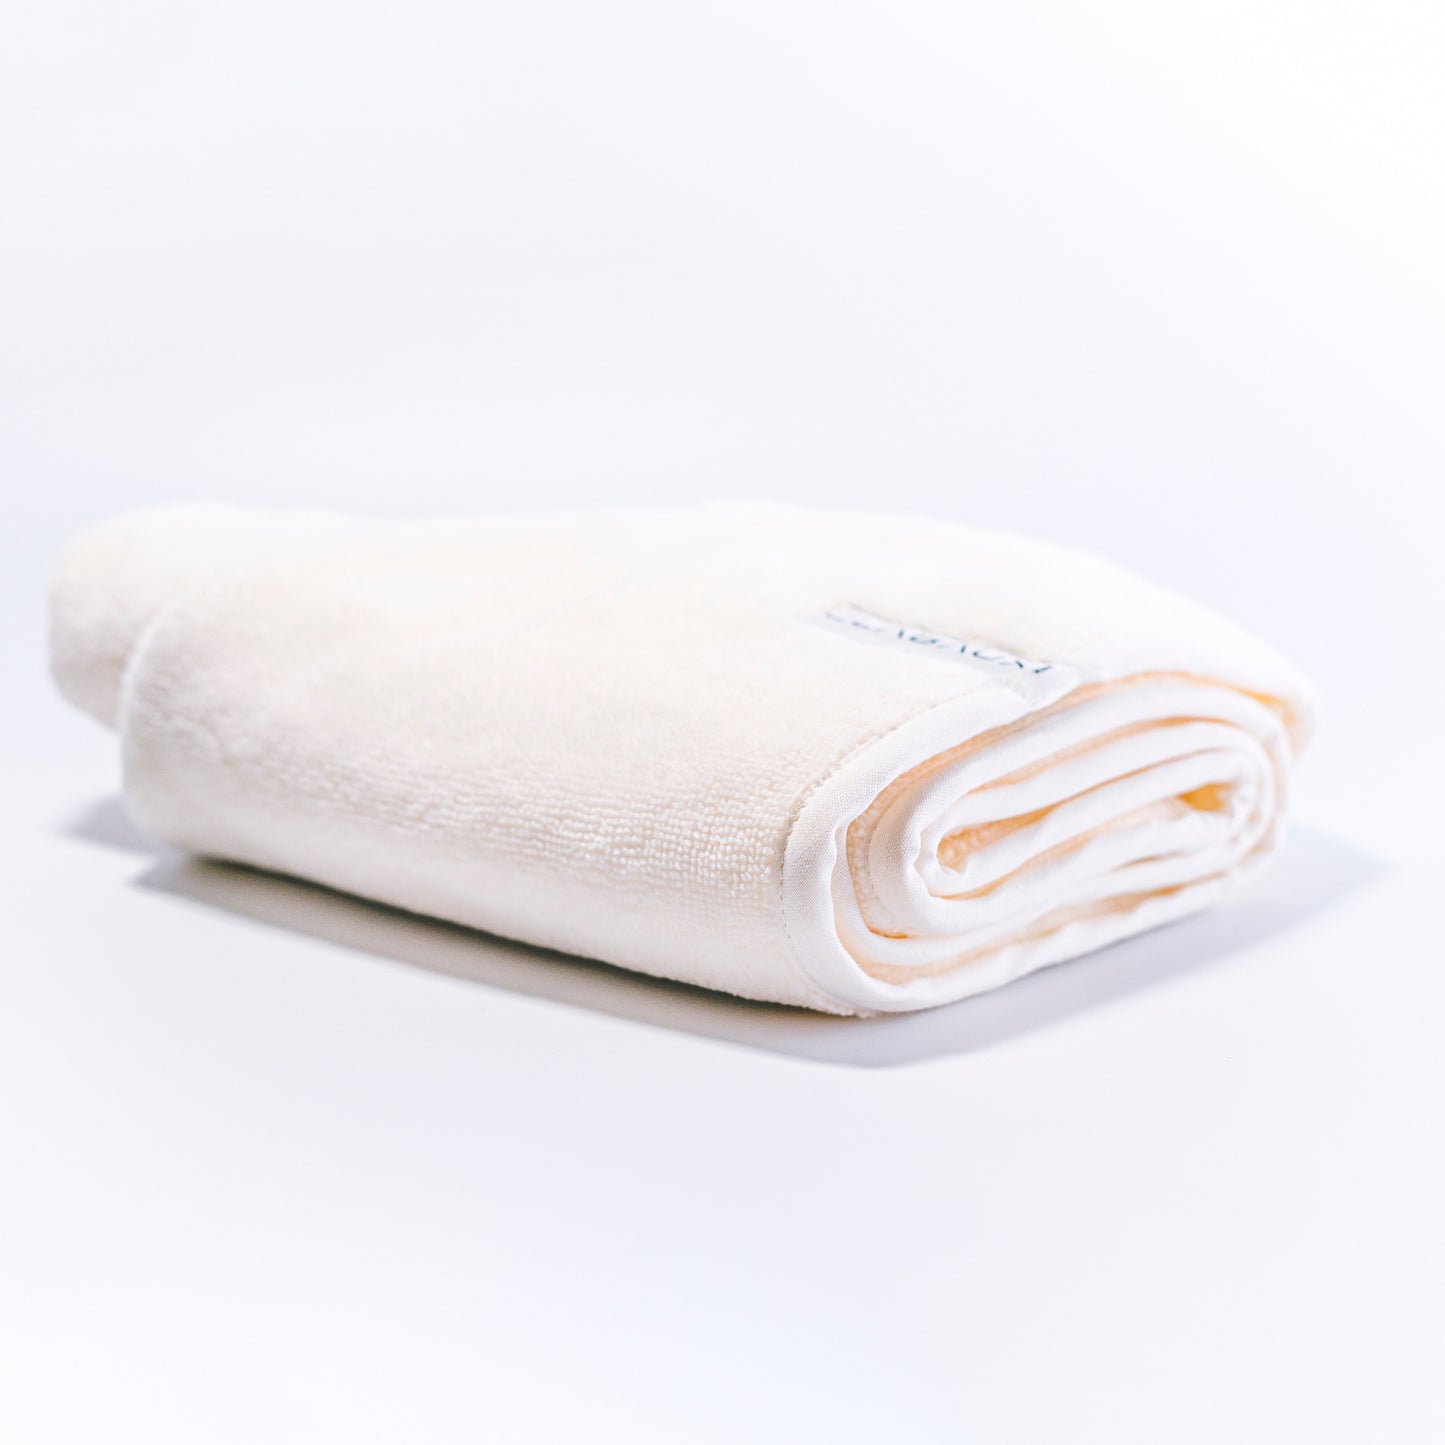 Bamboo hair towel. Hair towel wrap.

◆ ◆ ◆ ◆ ◆

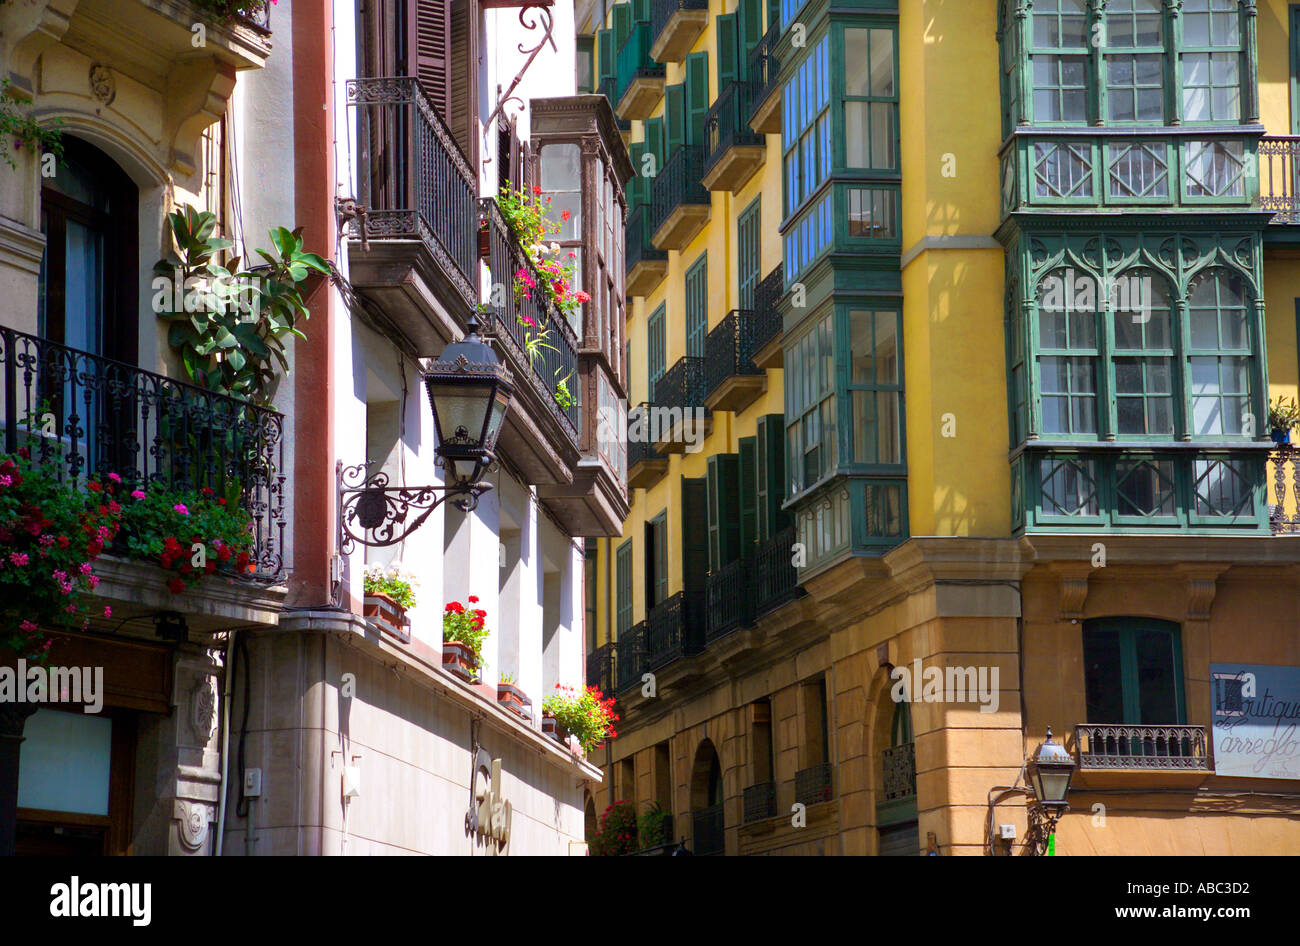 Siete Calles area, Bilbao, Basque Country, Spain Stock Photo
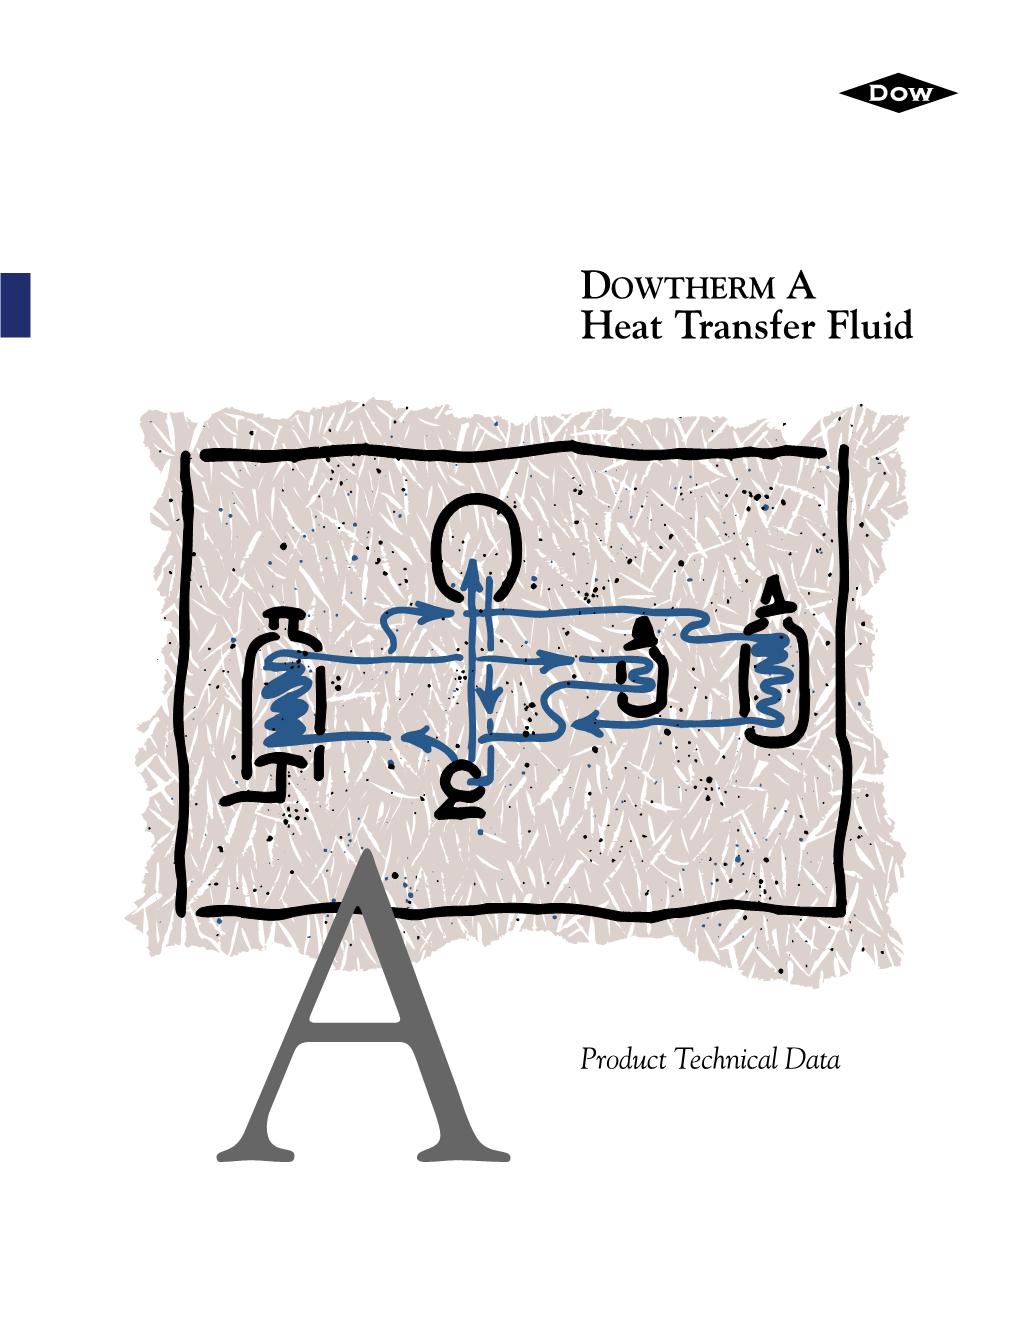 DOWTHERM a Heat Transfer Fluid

◆ ◆ ◆ ◆ ◆

Exercise:
In the listing above, find the line with "Siete Calles area, Bilbao, Basque" and output it and every line after it up to and including the line with "DOWTHERM a Heat Transfer Fluid", exactly, minus the pictures.

Finished task:
 Siete Calles area, Bilbao, Basque Country, Spain Stock Photo
 DOWTHERM a Heat Transfer Fluid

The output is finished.